Legal analysis: Forms of transfer pricing: (1) Affecting the costs of related enterprises by controlling the import and export prices of parts and raw materials. (2) The parent company directly affects the product costs allocated to the subsidiary through the sale price of the subsidiary's fixed assets. The depreciation of fixed assets stipulated by the parent company, the length of the term, and the amount of depreciation charged in each period will all affect its profits. (3) The parent company affects the costs and profits of its subsidiaries through high and low royalties collected from the transfer of intangible assets such as patents, proprietary technologies, trademarks, and manufacturer names. (4) Affect the cost of products by providing loans and interest rates. (5) Affect the costs and profits of subsidiaries through labor costs such as technology, management, advertising consulting, etc. (6) Use higher or lower commissions and rebates to the sales agencies of the subsidiary system to influence the company's sales revenue when selling products. (7) The parent company uses the transportation system it controls to affect the sales cost of the subsidiary by charging higher or lower transportation, handling, and insurance fees to the subsidiary. (8) The more administrative expenses required from subsidiaries are spread into the subsidiary's product costs, which can reduce the company's revenue.

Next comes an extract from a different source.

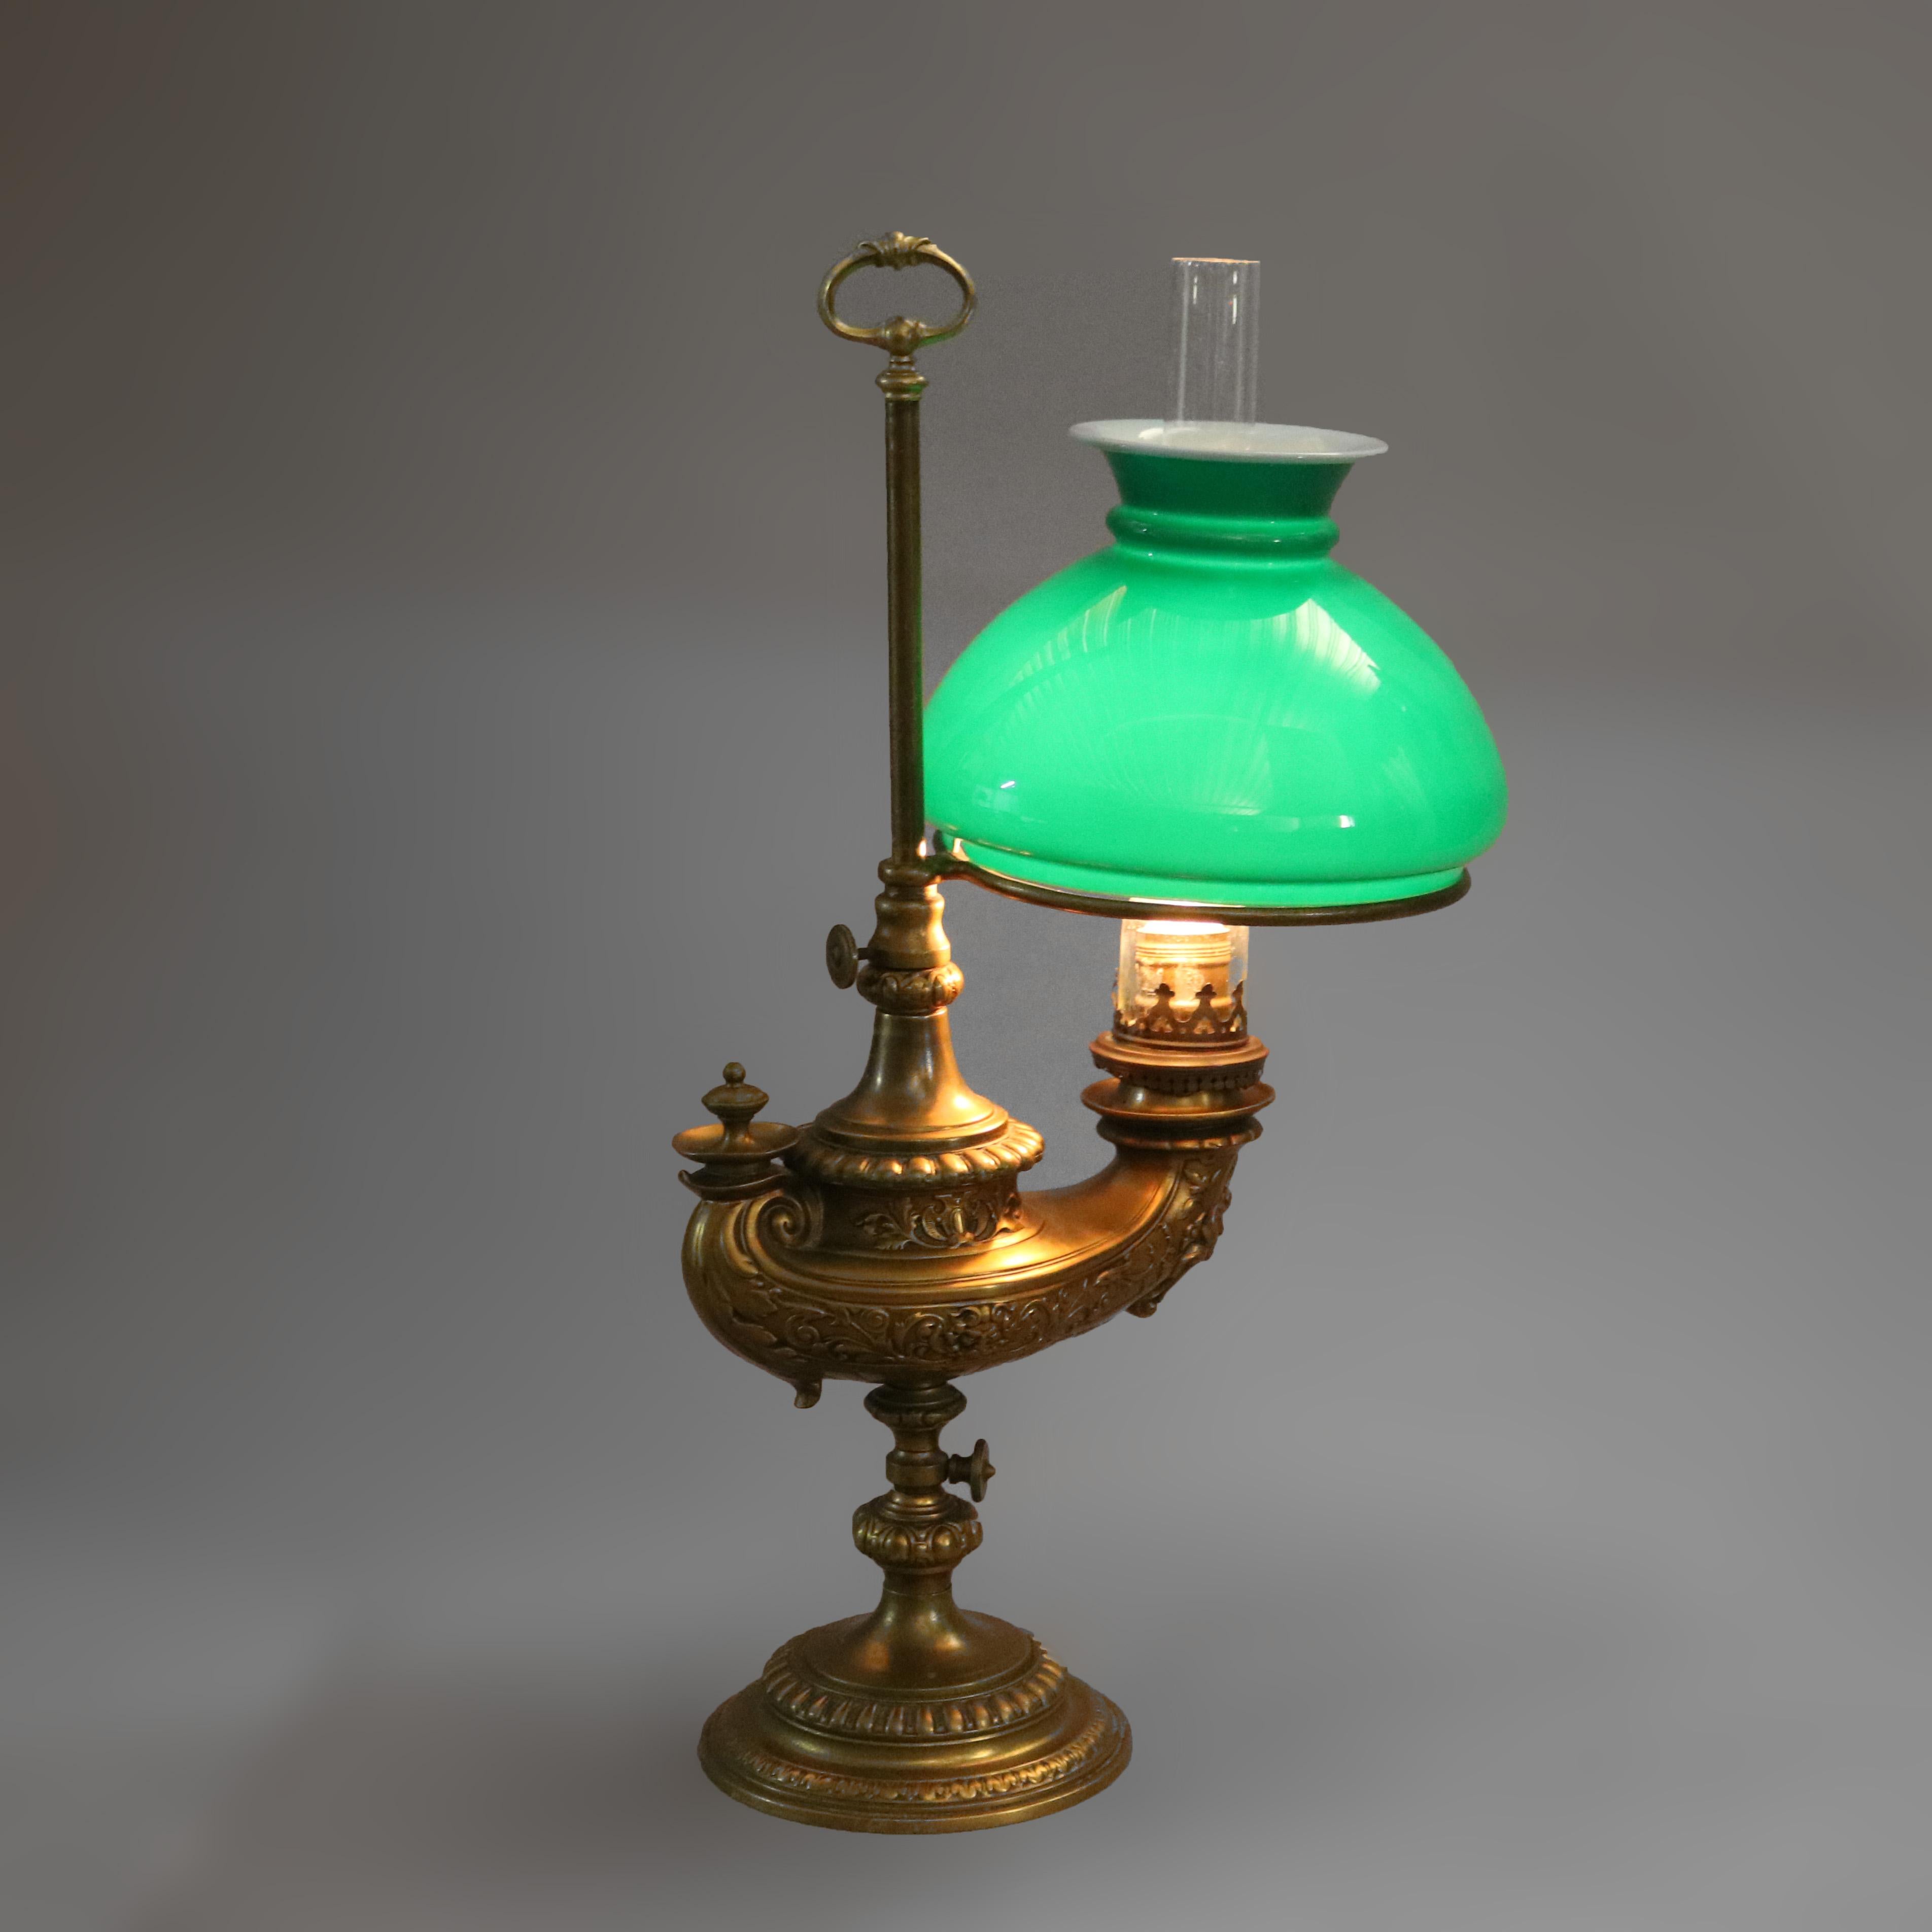 Brass Antique Harvard Student Lamp with Emeralite Shade Alladin Lamp Form 19th Century
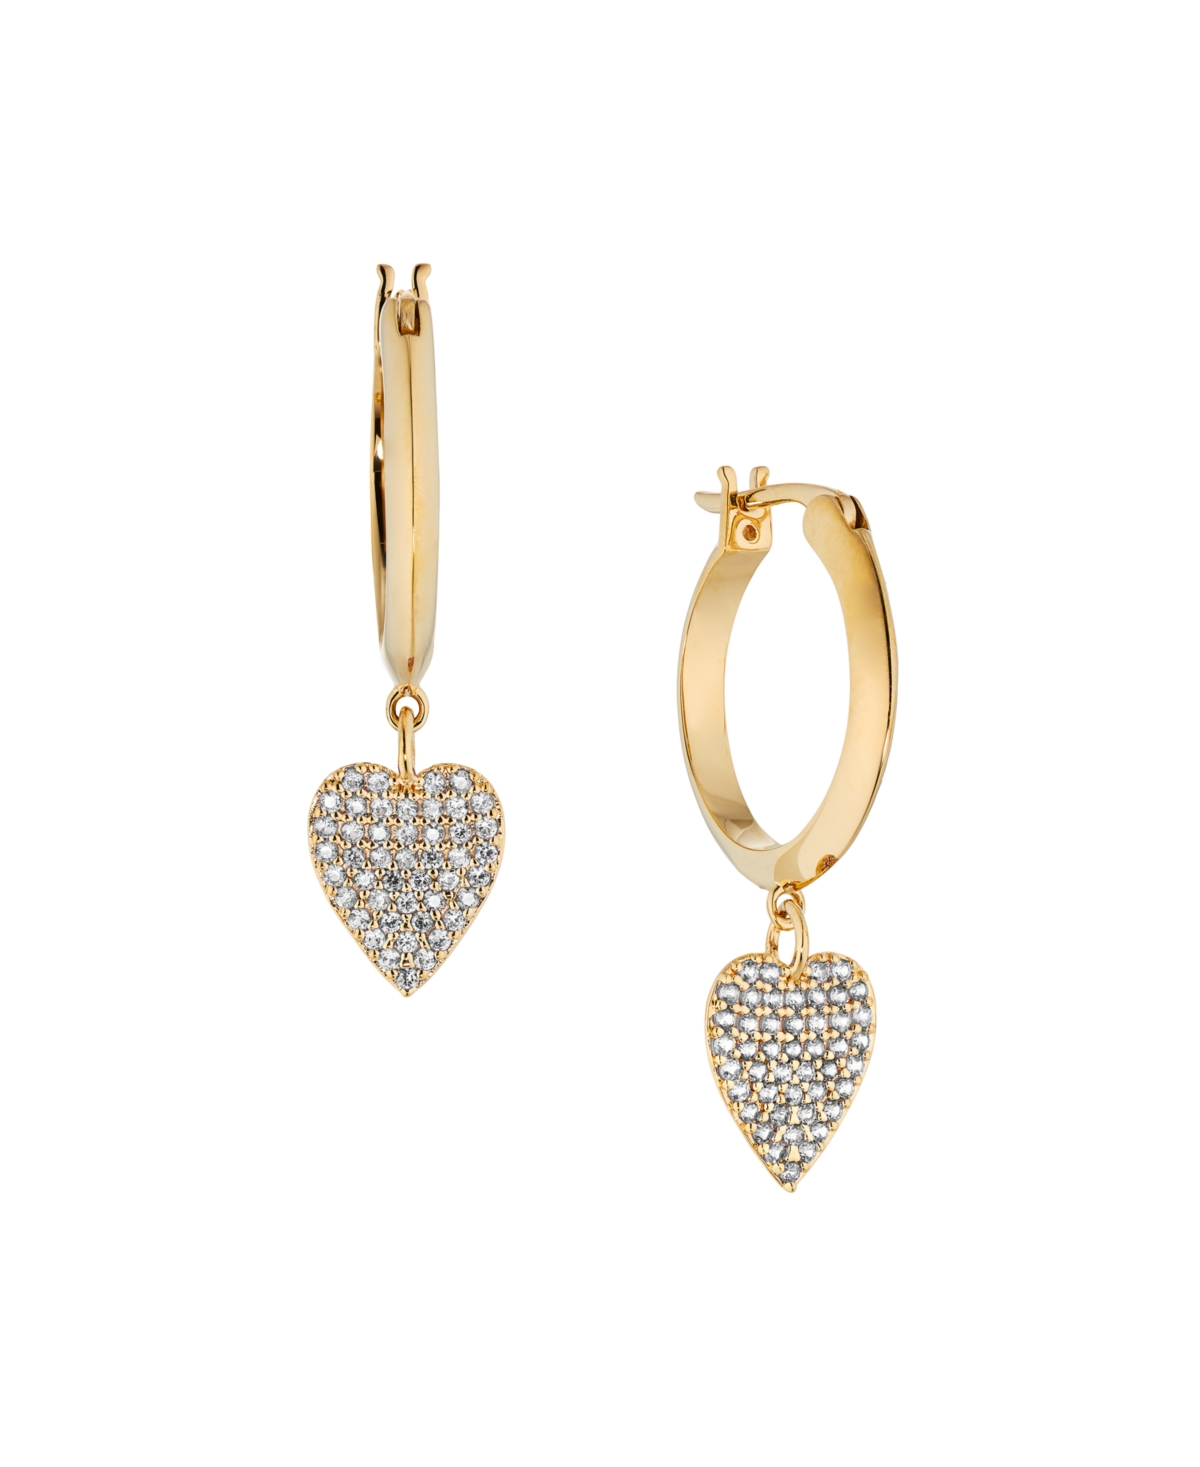 Ava Nadri Extra Small Hoop With Pink Pave Heart Drop Earrings In Gold

Legal basis: "Company Law of the People's Republic of China" Article 5 When companies engage in business activities, they must abide by laws and administrative regulations, abide by social ethics and business ethics, be honest and trustworthy, and accept the obligations of the government and society Public supervision and social responsibility. The company's legitimate rights and interests are protected by law and shall not be infringed upon.